Outbreaks at slaughterhouses have led to the larges pig culling effort the U.S. has ever seen, Bloomberg reports. CoBank estimates 7 million animals may have to be destroyed this quarter, which equals roughly a billion pounds of meat lost to consumers.

Some farms in Minnesota are reportedly using chippers to grind up carcasses to be spread for compost.

All of that waste is hitting farmers hard, and those farmers are hoping slaughterhouses can get back up and running before their animals get too heavy. Many farmers have already cut their losses and culled their herds.

“In the agriculture industry, what you prepare for is an animal disease. The thought is never that there’s not going to be a market,” said Michael Crusan, a spokesman at the Minnesota Board of Animal Health. As many as 2,000 hogs will be composted a day and laid out in windrows in Nobles County. “We have lots of pig carcasses that we have to effectively compost on the landscape.”
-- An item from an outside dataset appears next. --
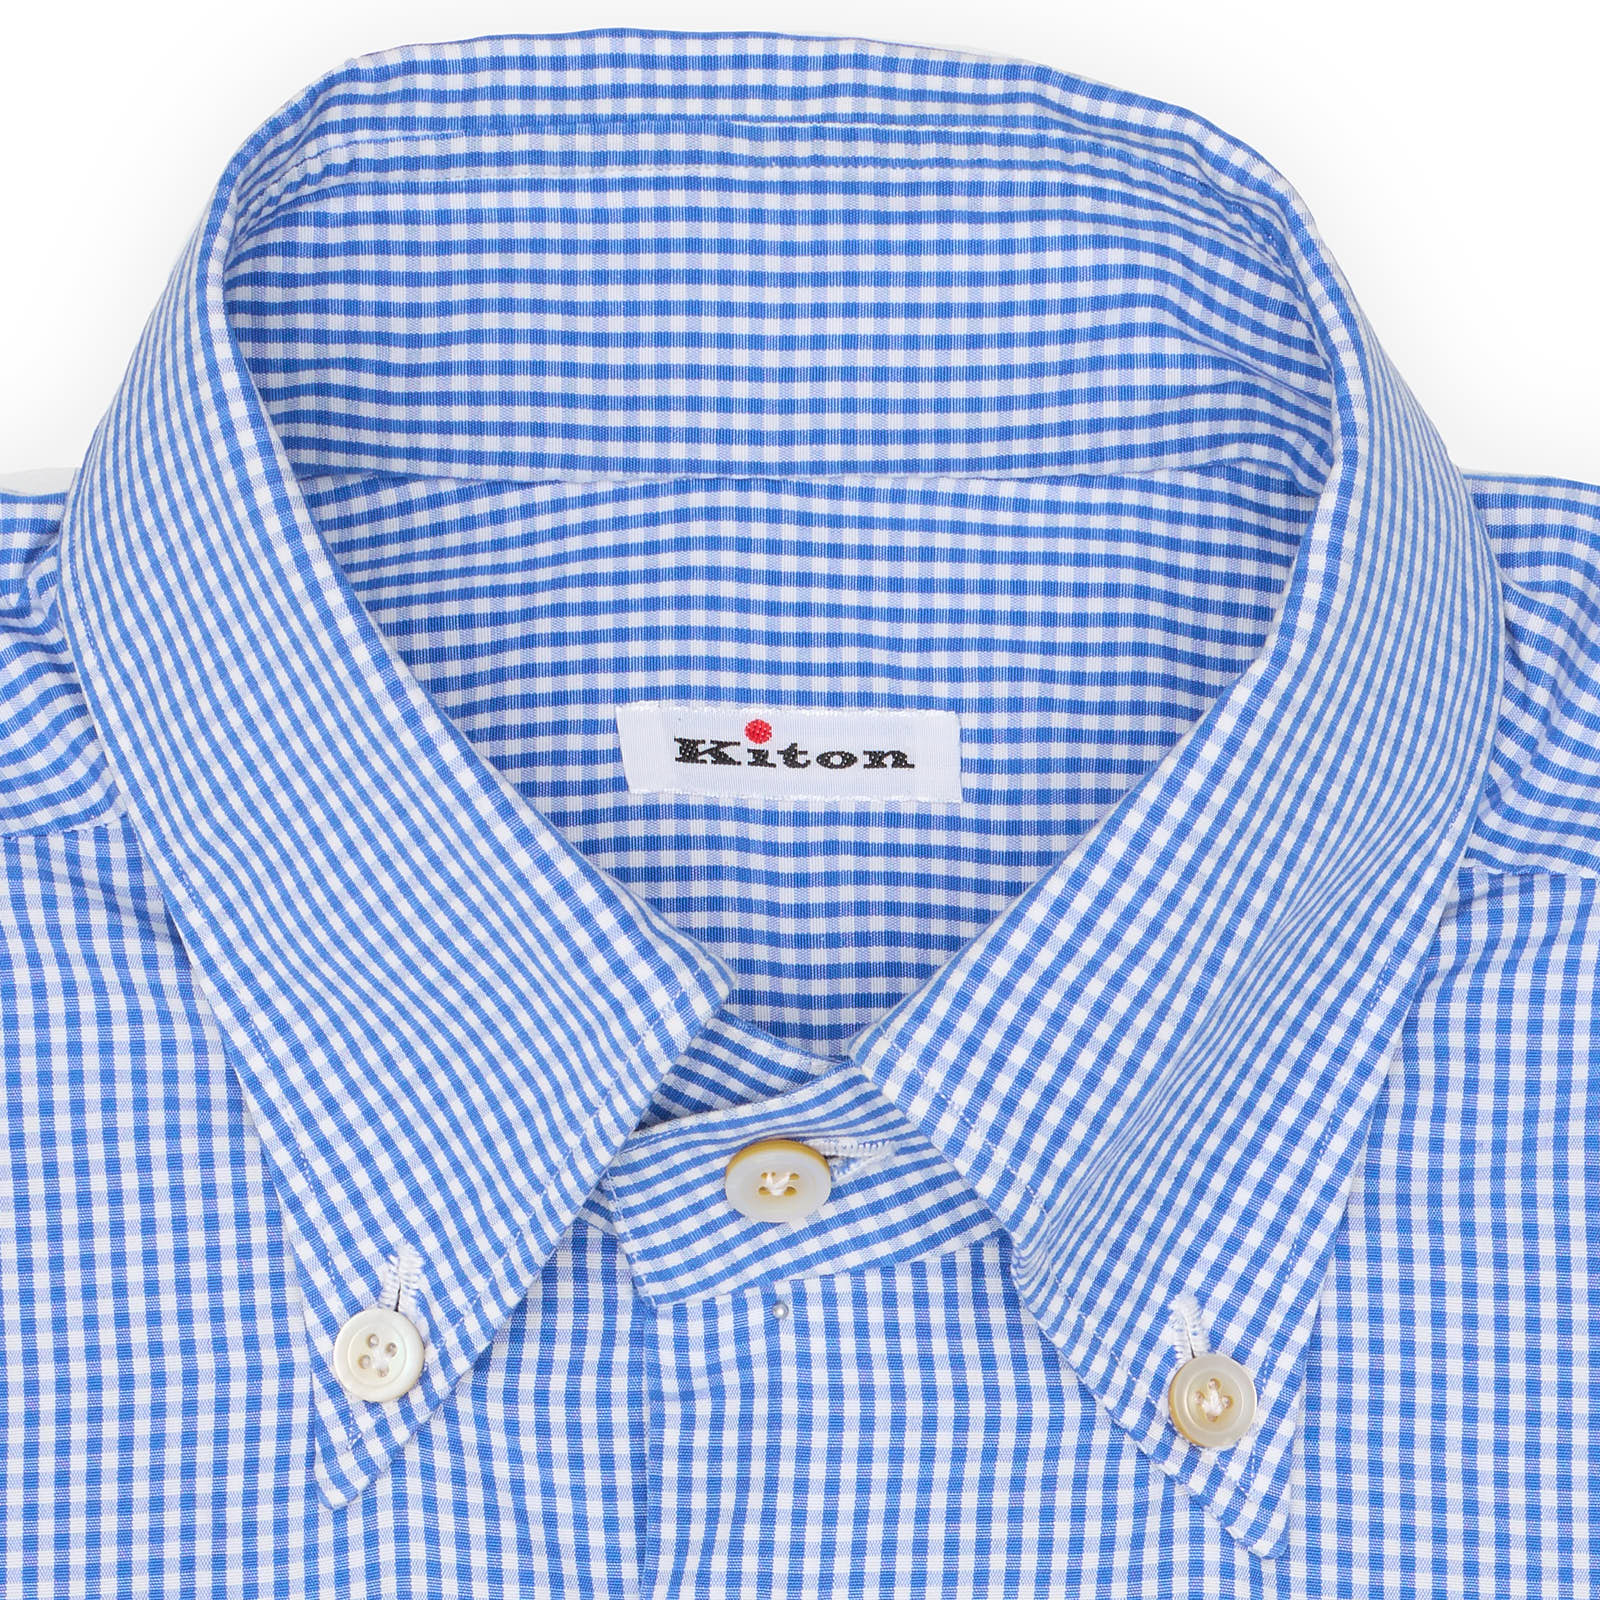 KITON Napoli Handmade Blue Plaid Cotton Button-Down Dress Shirt EU 38 NEW US 15

America’s pork supply chain is designed as “just-in-time manufacturing” as mature hogs are sent from barns directly to the slaughterhouse while another group of new pigs takes their place within a few days.

The slowdown has left younger pigs with nowhere to go as farmers initially hung on to mature animals for longer. Once a pig reaches 330 pounds they are too big for slaughterhouse equipment.